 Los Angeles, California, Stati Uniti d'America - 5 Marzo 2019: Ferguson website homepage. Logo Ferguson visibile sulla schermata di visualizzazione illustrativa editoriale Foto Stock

==

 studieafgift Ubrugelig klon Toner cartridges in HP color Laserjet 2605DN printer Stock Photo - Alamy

==

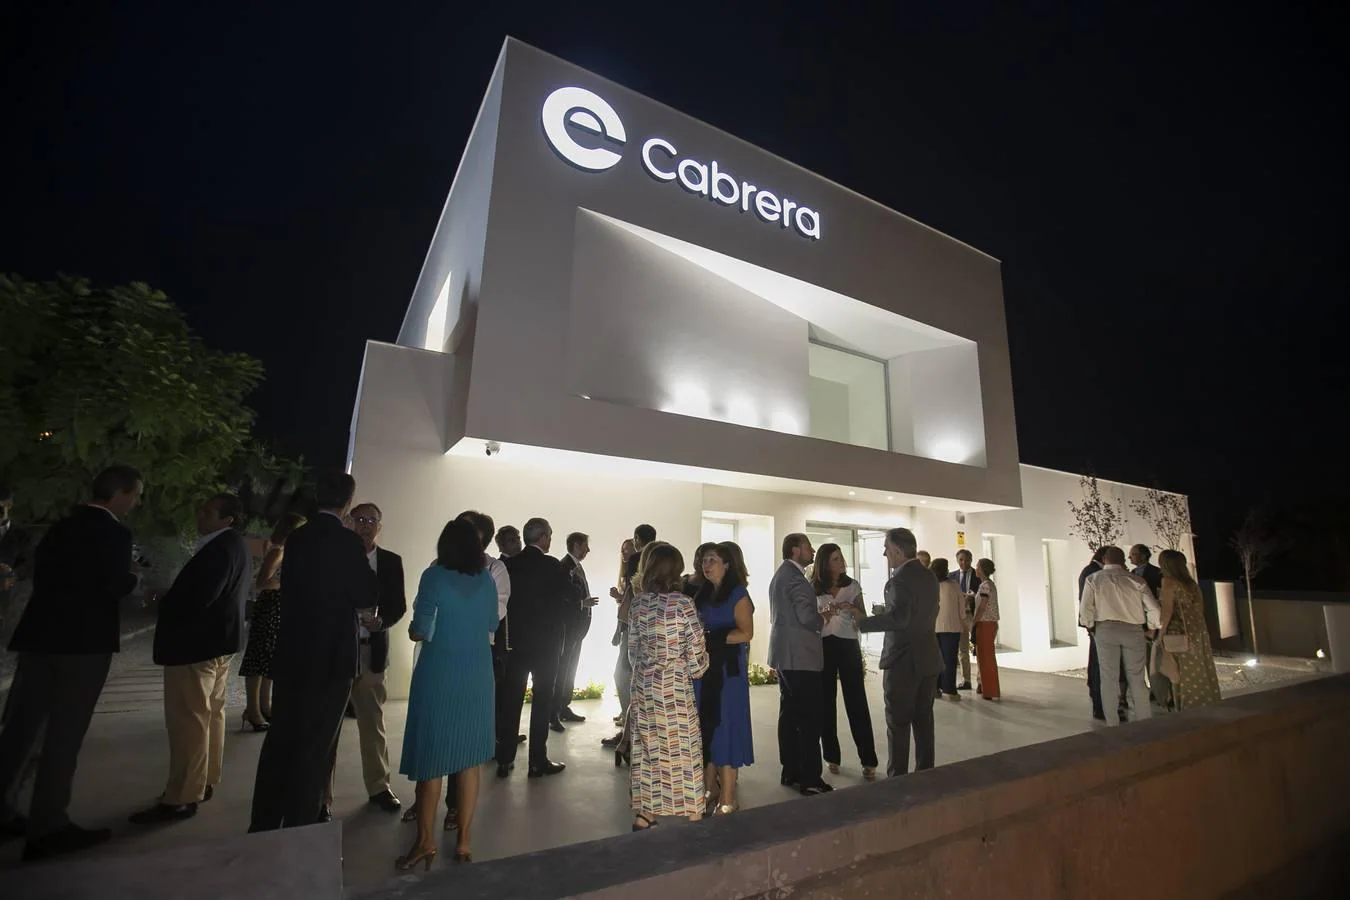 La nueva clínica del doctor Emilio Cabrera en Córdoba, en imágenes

#### [Problem description]
Look above for lines with the word "Stock" and copy them all.

#### [Exercise response]
 Los Angeles, California, Stati Uniti d'America - 5 Marzo 2019: Ferguson website homepage. Logo Ferguson visibile sulla schermata di visualizzazione illustrativa editoriale Foto Stock
 studieafgift Ubrugelig klon Toner cartridges in HP color Laserjet 2605DN printer Stock Photo - Alamy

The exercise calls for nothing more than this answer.